Step 6: Decode and view the document
Copy and save the response JSON into document_response.json in the xdstools-docker folder and run: python decode_document.py or python3 decode_document.py.
The decoded file will appear in the same folder.
Decode Base64 PDF from JSON and Extract Text
#!/usr/bin/env python3
import json
import base64
# Read the JSON file
with open('document_response.json', 'r') as f:
data = json.load(f)
# Decode the base64 content
content_base64 = data['content']
pdf_bytes = base64.b64decode(content_base64)
# Save the decoded PDF
with open('decoded_document.pdf', 'wb') as f:
f.write(pdf_bytes)
print("Saved decoded PDF to decoded_document.pdf")

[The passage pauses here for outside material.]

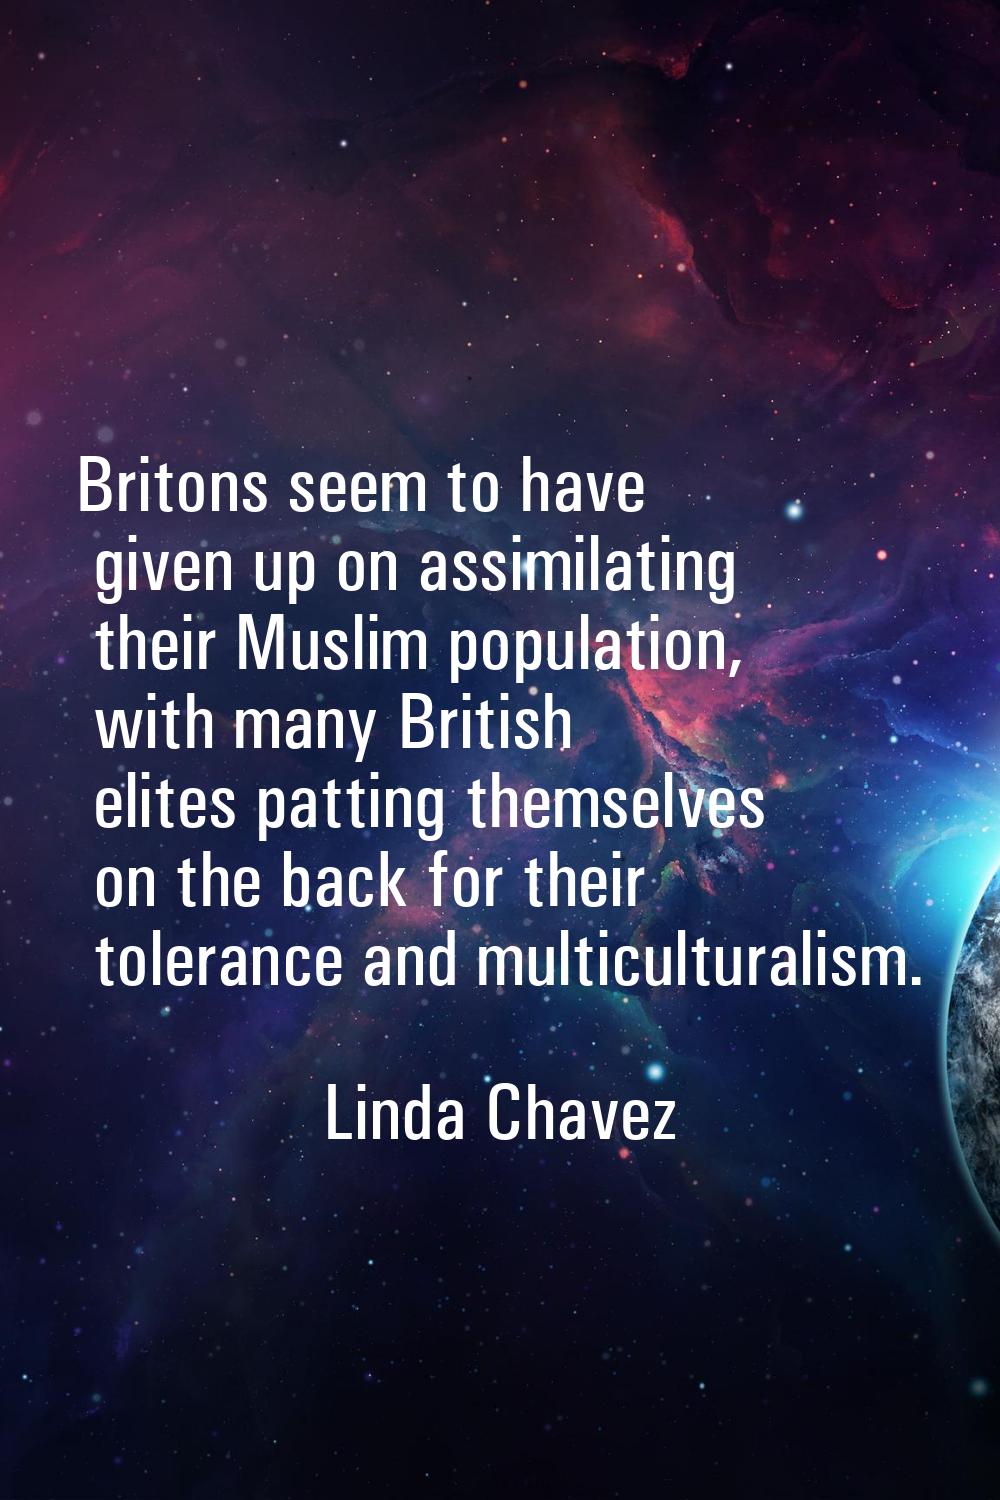 Britons seem to have given up on assimilating their Muslim population, with many British elites pat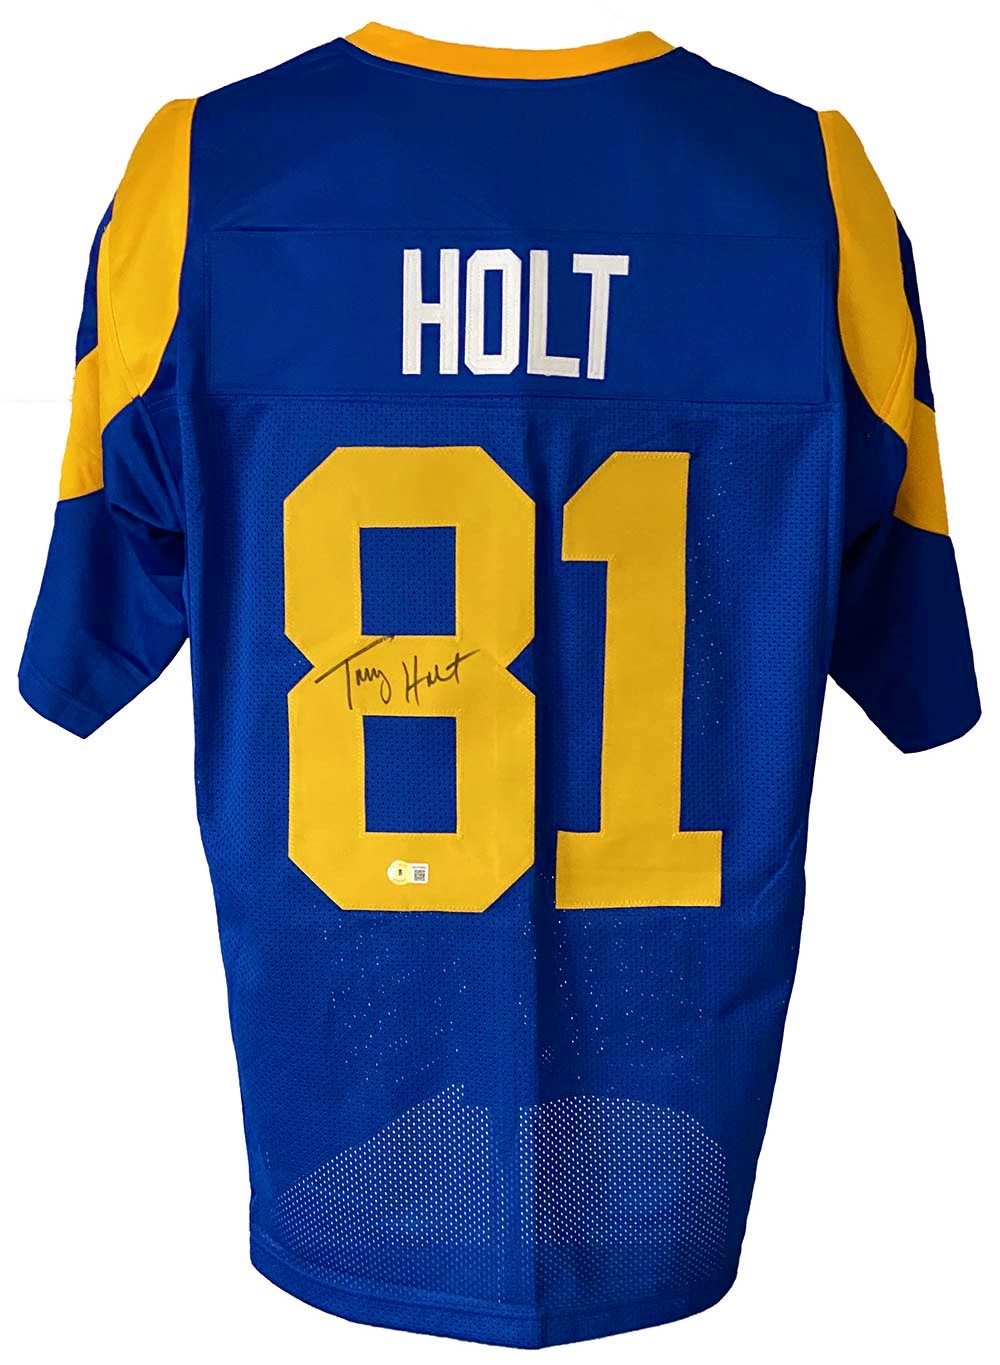 St. Louis Rams Torry Holt Signed Pro Style Throwback Blue Jersey ...

# Try to extract text (requires PyPDF2 or pdfplumber)
try:
import pdfplumber
from io import BytesIO
with pdfplumber.open(BytesIO(pdf_bytes)) as pdf:
text = ""
for page in pdf.pages:
text += (page.extract_text() or "") + "\n"
except ImportError:
try:
import PyPDF2
from io import BytesIO
reader = PyPDF2.PdfReader(BytesIO(pdf_bytes))
text = ""
for page in reader.pages:
text += (page.extract_text() or "") + "\n"
except ImportError:
print("Install PyPDF2 or pdfplumber: pip install PyPDF2 pdfplumber")
text = ""
if text:
with open('decoded_document.txt', 'w', encoding='utf-8') as f:
f.write(text)
print("Text extracted and saved to decoded_document.txt")Conclusion
XDS was created because patient care often involves more than one organization, and clinicians need a reliable way to find and pull the right clinical documents from other organizations when they need them. It offers a clean way to make documents discoverable and retrievable across boundaries without forcing everyone onto the same system or into a single central database. That design choice is why it has held up for so long in real health networks.
But the real lesson is bigger than the transactions. XDS works when the surrounding pieces are treated as first-class concerns. That means consistent patient identity, good metadata, clear rules about who can publish and who can consume, and the operational discipline to keep registries and repositories reliable. The technology gives you the rails, but the exchange only becomes dependable when the people and processes around it are designed just as carefully.